In an action upon a health and accident insurance policy issued by defendant to plaintiff and tried before a jury, the jury found in favor of plaintiff in the sum of $3,730. Plaintiff appealed, on the ground that the amount awarded was less than he was entitled to under the terms of the policy.
Were the terms of the policy ambiguous and hence extrinsic evidence should have been admitted to interpret them, and if not, was the court's interpretation correct?
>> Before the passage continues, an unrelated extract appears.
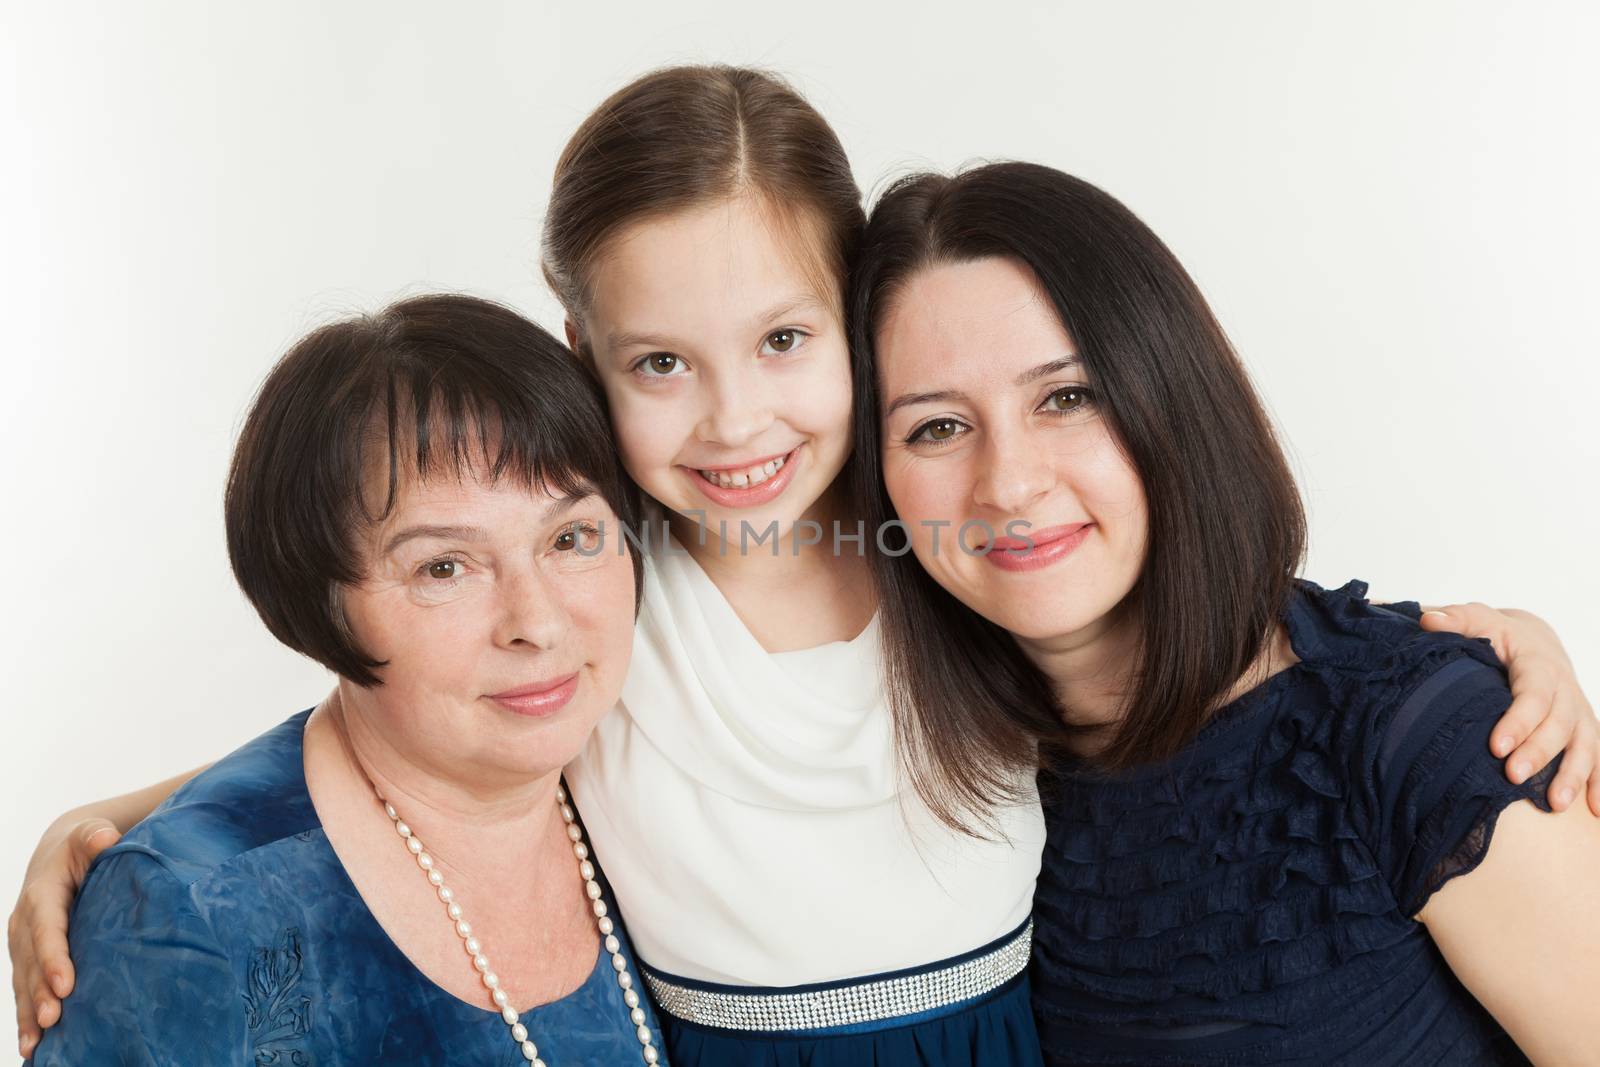 The granddaughter embraces the grandmother and mother on a white background

The facts are not disputed. On December 2, 1941, defendant issued plaintiff, who was then 53 years of age, a ‘Lifetime Income Protection Policy’ which provided ‘Benefits for Loss of Life, Limb, Sight or Time, by Accidental Means, or Loss of Time by Sickness as Herein Limited and Provided.’ Its terms as they affect this litigation will be set forth hereafter. In December, 1942, plaintiff was injured. The jury found that plaintiff ‘was wholly and continuously disabled by bodily injuries resulting directly and independently of all other causes and through purely accidental means from December 23, 1944, to and including May 22, 1949.’ This finding is not challenged. Plaintiff became 56 years of age on September 18, 1944. Defendant paid plaintiff $100 per month from the date of the accident until December, 1944, and then stopped payment. The record is not clear as to whether this was because defendant believed plaintiff had fully recovered, or because plaintiff would not accept payments at a reduced monthly sum. This action was then brought. At the trial defendant took the position, as it does now, that the policy provided that when the insured became 56 years of age the monthly payments were reduced 10% each year until the insured should become 60, and thereafter would be $50 per month. Plaintiff's position was and is (1) that the policy provides for payment of $100 per month without reduction; (2) that if the policy is construed as contended by defendant, then the policy is repugnant to the California Insurance Code; and (3) that at worst, the policy is ambiguous and therefore the court erred in refusing to permit plaintiff to introduce parol evidence to explain the ambiguity. The trial court took the position that the policy was not ambiguous, construed it in accordance with defendant's contention, and so instructed the jury. The amount awarded by the jury was in accordance with this construction.
Terms of Policy.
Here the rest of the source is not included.